Splitting the data helps our model to predict more accurately because the model would be trained and tested with multiple data. Here the train and testing data is divided as 70 and 30.

In [None]:
X_train, X_test, y_train, y_test = train_test_split(X, y, test_size=0.3, random_state=42)

In [None]:
# Fitting and predicting the trained values to the Lassor Regression Model
reg.fit(X_train, y_train)
pred = reg.predict(X_test)
# Printing the first five predicted values
pred[1:5]


**Plotting Lasso Regression**

In [None]:
plt.figure(figsize= (6, 6))
plt.title("Visualizing the Regression using Lasso Regression algorithm")
sns.regplot(x=pred, y=y_test, color = "teal")
plt.xlabel("New Predicted Price (MSRP)")
plt.ylabel("Old Price (MSRP)")
plt.show()

**Providing statistical information that supports the model**

This step involves printing the results such as the Mean Absolute Error, Mean Squared Error Coefficient, Intercept and the r²_score. Out of these three, the r²_score is the important metric. It determines the accuracy or the score of the model. I have also included the score of the other algorithms such as Linear Regression, Random Forest.

In [None]:
print("Mean Absolute Error is :", mean_absolute_error(y_test, pred))
print(" — — — — — — — — — — — — — — — — — — — — — — — ")
print("Mean Squared Error is :", mean_squared_error(y_test, pred))
print(" — — — — — — — — — — — — — — — — — — — — — — — ")
print("Coeffients are : ", reg.coef_)
print(" — — — — — — — — — — — — — — — — — — — — — — — ")
print("Intercepts are :" ,reg.intercept_)
print(" — — — — — — — — — — — — — — — — — — — — — — — ")
print("The R2 square value of Lasso is :", r2_score(y_test, pred)*100)

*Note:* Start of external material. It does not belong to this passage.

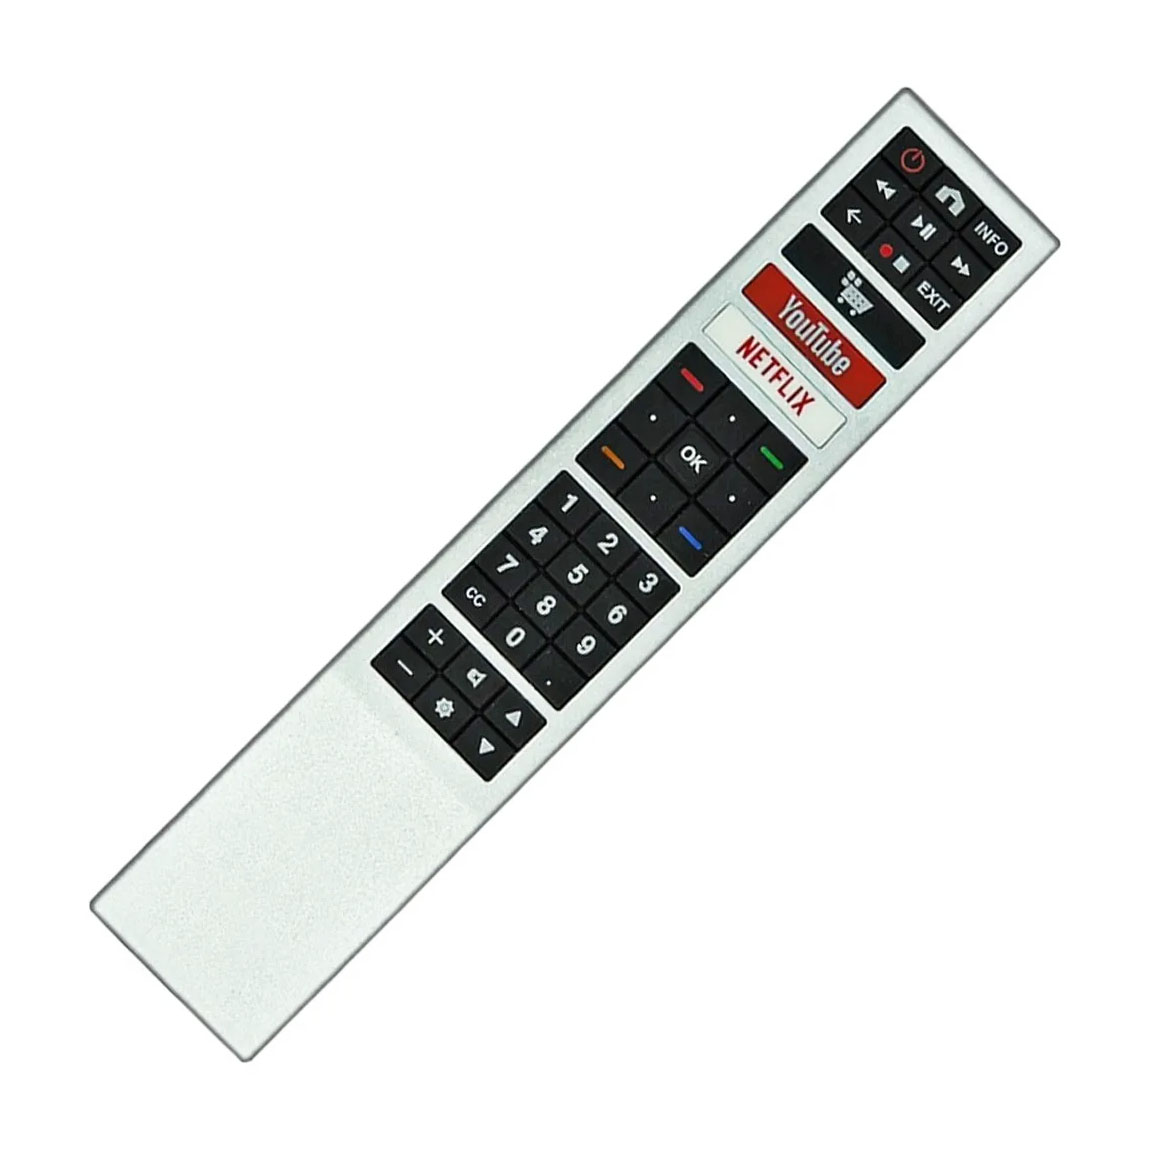 CONTROLE REMOTO PARA TV AOC  SKY-9061 VC-A8251 LE-7411 COMPATÍVEL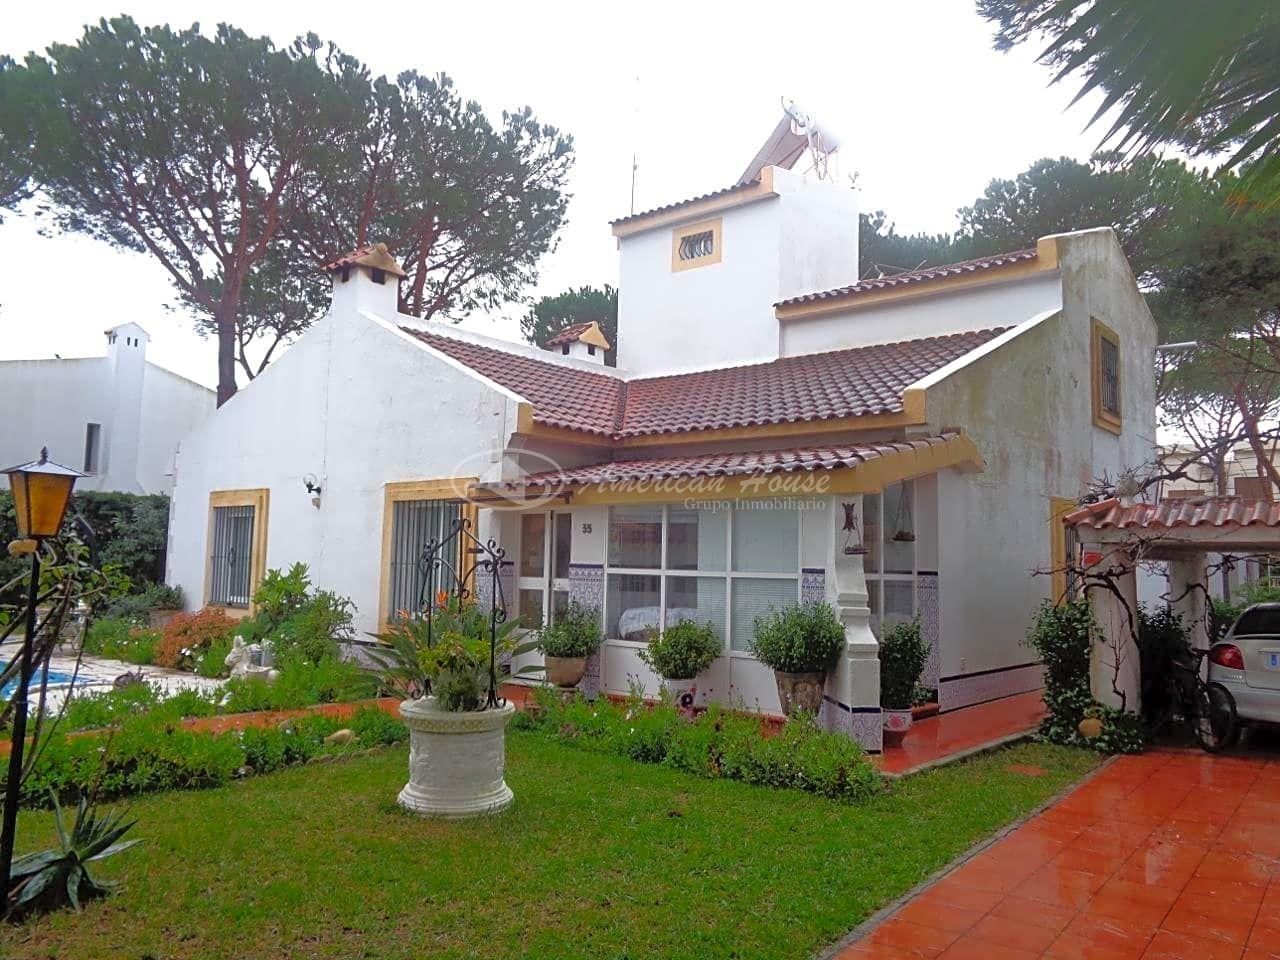 Alquiler de Chalet Vacacional en Roche para Agosto, Conil de la Fra., Cádiz

**Random Forest Regression model**

In [None]:
model = RandomForestRegressor()
model.fit(X_train, y_train)
pred = model.predict(X_test)

plt.figure(figsize= (6, 6))
plt.title("Visualizing the Regression using Random Forest Regression algorithm")
sns.regplot(pred, y_test, color = 'teal')
plt.xlabel("New Predicted Price (MSRP)")
plt.ylabel("Old Price (MSRP)")
plt.show()


In [None]:
model = RandomForestRegressor()
model.fit(X_train, y_train)
pred = model.predict(X_test)
print("Mean Absolute Error is :", mean_absolute_error(y_test, pred))
print(" — — — — — — — — — — — — — — — — — — — — — — — ")
print("Mean Squared Error is :", mean_squared_error(y_test, pred))
print(" — — — — — — — — — — — — — — — — — — — — — — — ")
print("The R2 square value of RandomForest Regressor is :", r2_score(y_test, pred)*100)
print(" — — — — — — — — — — — — — — — — — — — — — — — ")

**Linear Regression model**

In [None]:
model = LinearRegression()
model.fit(X_train, y_train)
pred = model.predict(X_test)
plt.figure(figsize= (6, 6))
plt.title("Visualizing the Regression Linear Regression Algorithm")
sns.regplot(pred, y_test, color = 'teal')
plt.xlabel("New Predicted Price (MSRP)")
plt.ylabel("Old Price (MSRP)")
plt.show()

In [None]:
print("Mean Absolute Error is :", mean_absolute_error(y_test, pred))
print(" — — — — — — — — — — — — — — — — — — — — — — — ")
print("Mean Squared Error is :", mean_squared_error(y_test, pred))
print(" — — — — — — — — — — — — — — — — — — — — — — — ")
print("Coeffients are : ", model.coef_)
print(" — — — — — — — — — — — — — — — — — — — — — — — ")
print("Intercepts are :" ,model.intercept_)
print(" — — — — — — — — — — — — — — — — — — — — — — — ")
print("The R2 square value of Linear Regression is :", r2_score(y_test, pred)*100)

**Discussion**
These models have the power to predict the outcome of future instances. The models predict the price (MSRP) of the car given the specifications or other features of the car. The model overall gives a score of 74.5% (Lasso Regression), 80.5% (Random Forest Regression), and 74.5% (Linear Regression).